4)./configure --arch=aarch64 --cpu=generic --cross-prefix=aarch64-linux-gnu- --cc=aarch64-linux-gnu-gcc --target-os=linux --sysroot=$a64root --target-exec="qemu-aarch64-static -L $a64root" --disable-pthreads

This is a minimal variant of Jannau’s configuration – a developer who has recently done a lot of libav aarch64 work.

5) Run make -j8. On my hardware, it takes just under a minute.

6) Run make fate. Unfortunately, both versions of QEMU I tried hung on wait4 at this point (in fft-test, fate-fft-4), and used an extra couple of hundred megabytes of RAM per second until I stopped QEMU, even if I asked it to wait for a remote GDB. For anyone else trying this, https://lists.libav.org/pipermail/libav-devel/2014-May/059584.html has several useful tips for getting the tests to run after cross-compilation.

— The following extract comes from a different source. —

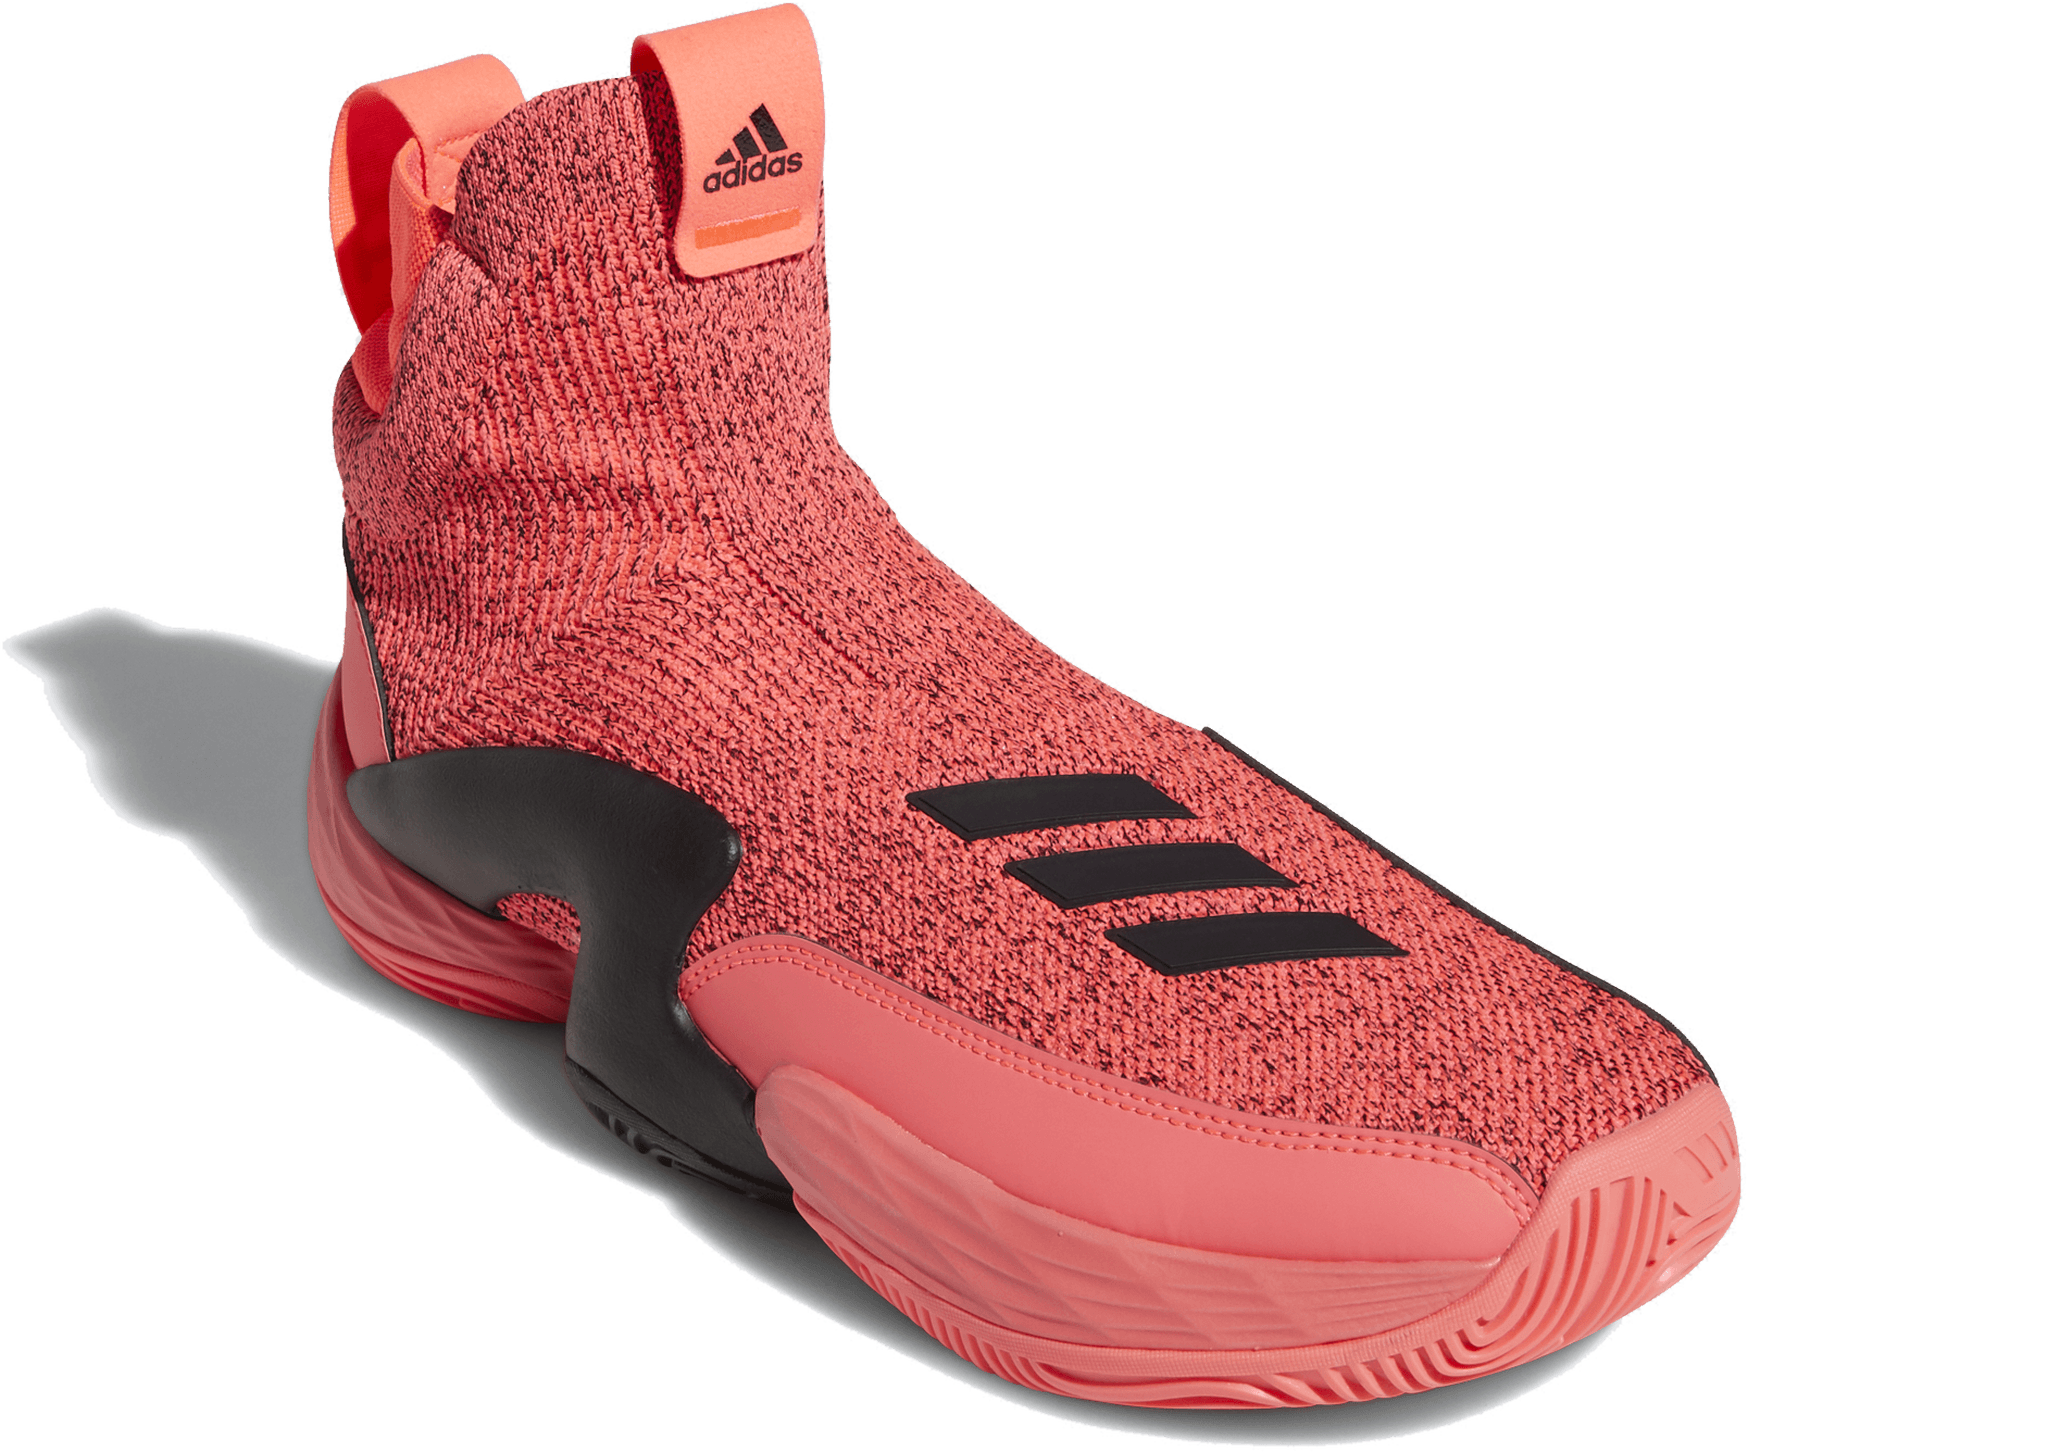 most popular adidas basketball shoes

Approach 3: Use QEMU’s system emulation. In theory, this should allow you to use pthreads; in practice, the tests hung for me. The following May 9th post describes what to do: http://www.bennee.com/~alex/blog/2014/05/09/running-linux-in-qemus-aarch64-system-emulation-mode/. In short: git clone git://git.qemu.org/qemu.git qemu.git && cd qemu.git && ./configure --target-list=aarch64-softmmu && make, then

./aarch64-softmmu/qemu-system-aarch64 -machine virt -cpu cortex-a57 -machine type=virt -nographic -smp 1 -m 2048 -kernel aarch64-linux-3.15rc2-buildroot.img  --append "console=ttyAMA0" -fsdev local,id=r,path=$a64root,security_model=none -device virtio-9p-device,fsdev=r,mount_tag=r

Then, under the buildroot system, log in as root (no password), and type mkdir /mnt/core && mount -t 9p -o trans=virtio r /mnt/core. At this point, you can run chroot /mnt/core /bin/bash, and follow the approach 1 instructions from useradd onwards, except that ./configure without –disable-pthreads should theoretically work. On my system, ./configure takes a bit over 5 minutes with this approach. Running make is quite slow; time make took 113 minutes. Do not use -j – you are limited to a single core, so -j would slow compilation down slightly. However, make fate consistently hung on acodec-pcm-alaw, and I have not yet figured out why.


 

Things not to do:

  • Use a rootfs from a year ago; I am yet to try one that is not broken, and some come with fun bonuses like infinite file system loops. These cost me well over a dozen hours.
  • Compile SUSE’s QEMU; qemu-system is bleeding-edge enough that you need to compile it from upstream, but SUSE’s patches have long been merged into the normal QEMU upstream. Unless you want qemu-system, you do not need to compile QEMU at all under Ubuntu 14.04.
  • Leave the environment variables in this tutorial unset in a new shell and wonder why things do not work.

 


Leave a comment

Getting into Libav’s OPW program: initial contributions

Applying to OPW requires an initial contribution. The Libav IRC channel suggested porting the asettb filter from FFmpeg, so I did (version 5 of the patch was merged upstream, in two parts: a rename patch and a content patch; the FFmpeg author was credited as author for the latter, while I did a signed-off-by). I also contributed a 3000+ line documentation patch, standardizing the libavfilter documentation and removing numerous English errors, and triaged a few bugs, git bisecting the one that was reproducible.